Power Query will give the new column that is added, the ‘.1’ trailing text via this automatically generated code:

= Table.ExpandTableColumn(#"Merged Queries", "Added Index1", {"payscale"}, {"payscale.1"})

We can change this new column name without creating a new step by changing the created step to:

= Table.ExpandTableColumn(#"Merged Queries", "Added Index1", {"payscale"}, {"prevps"})

This results in the following dataset:

Based on this data we can determine the internal promotions by comparing the current row’s payscale against the previous row’s payscale. Let’s create the required logic in a custom column.

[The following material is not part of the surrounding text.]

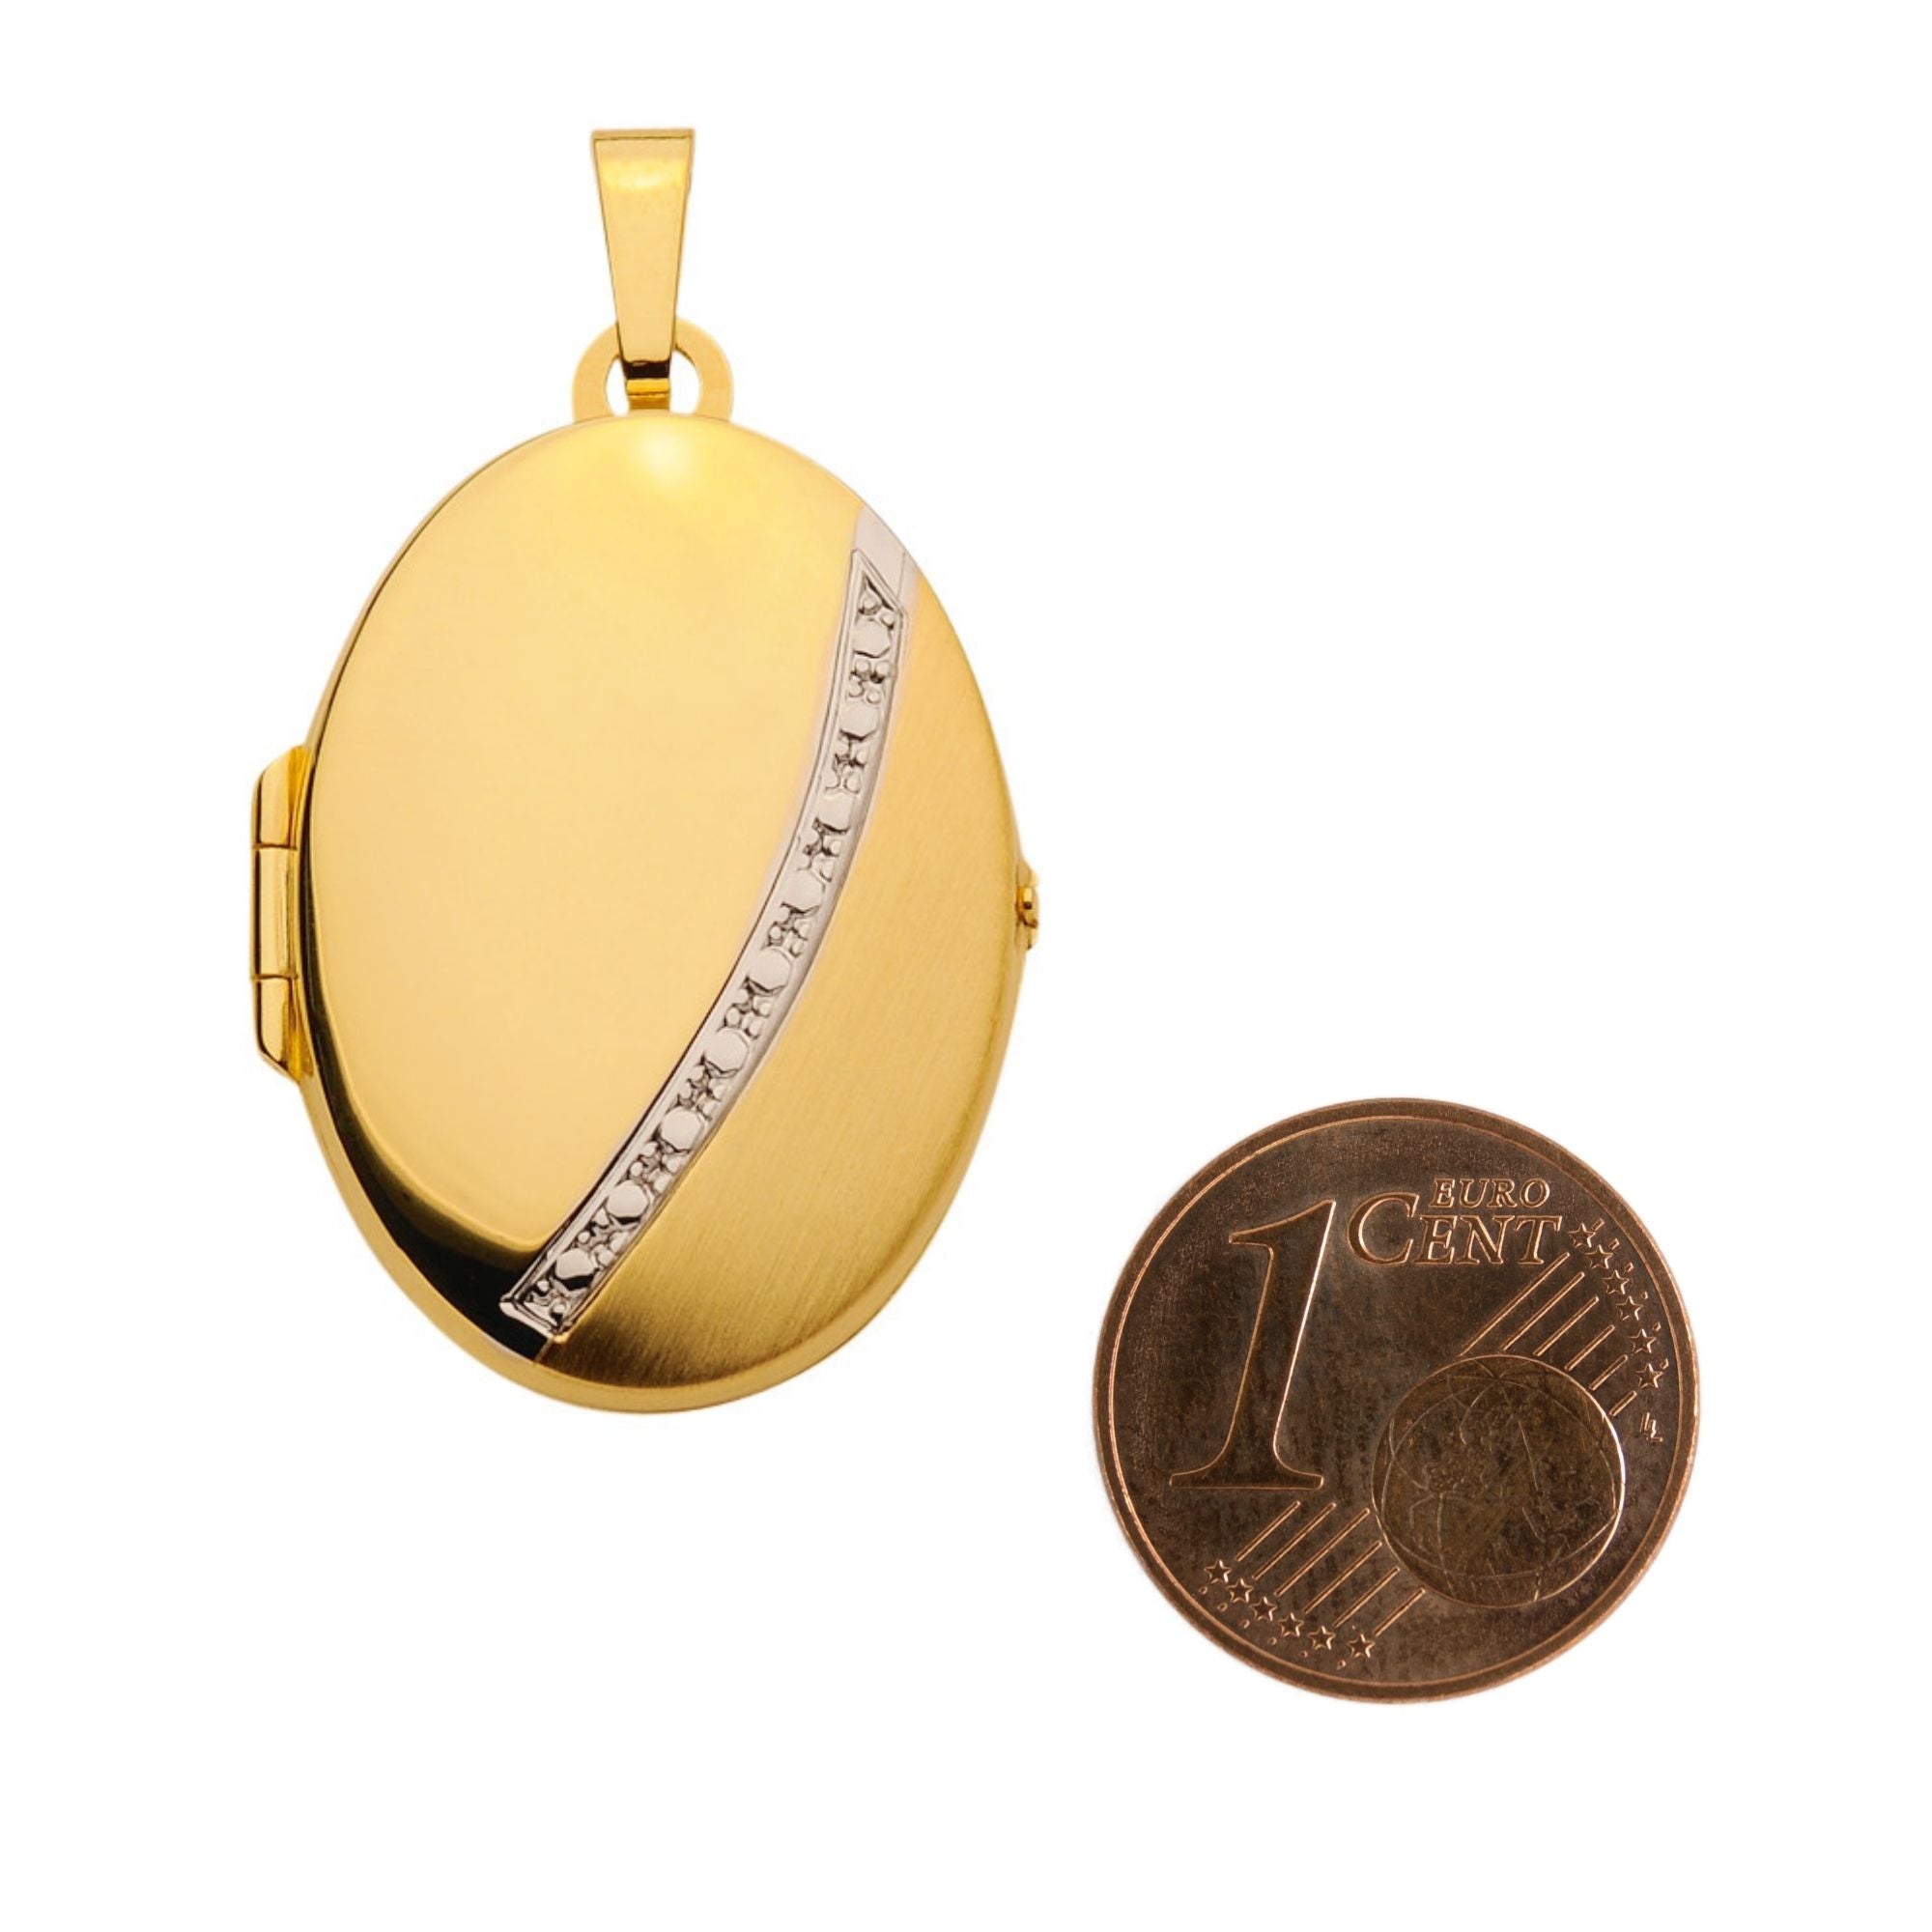 Ovales Medaillon aus Gold matt / poliert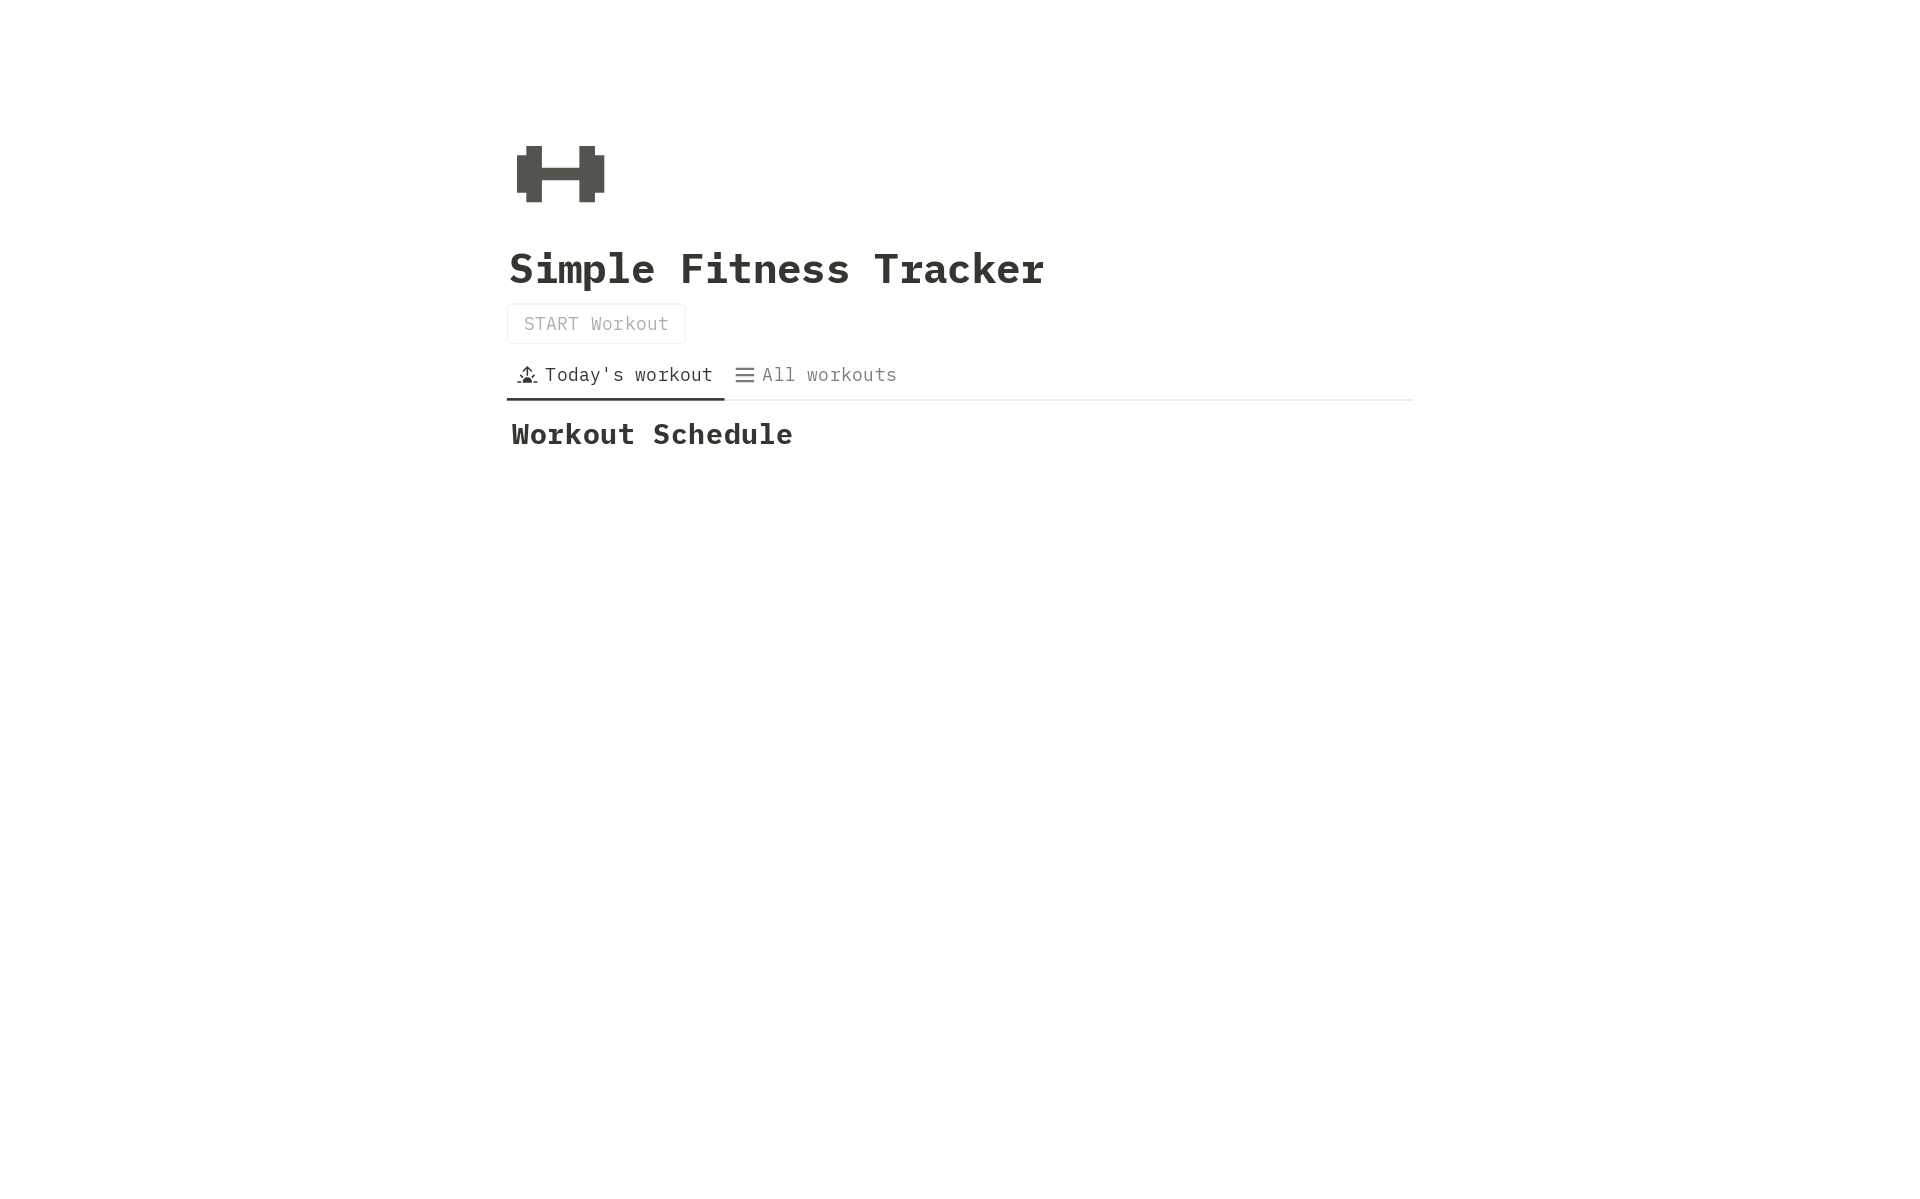 Aperçu du modèle de Simple Fitness Tracker

In the Add Column ribbon, click on Custom Column. In the window that pops up, we give our new column a new name and add the following logic:

if [prevps] = null then "no promotion" else if [payscale] > [prevps] then "promotion" else "no promotion"

This will result in the following final column in which the promotion is indicated:

The fact that we can accomplish the required output using solely the UI in Power Query is a powerful thing. We do need to take into account the impact joins have on the performance of the query, which will be covered in a future blogpost.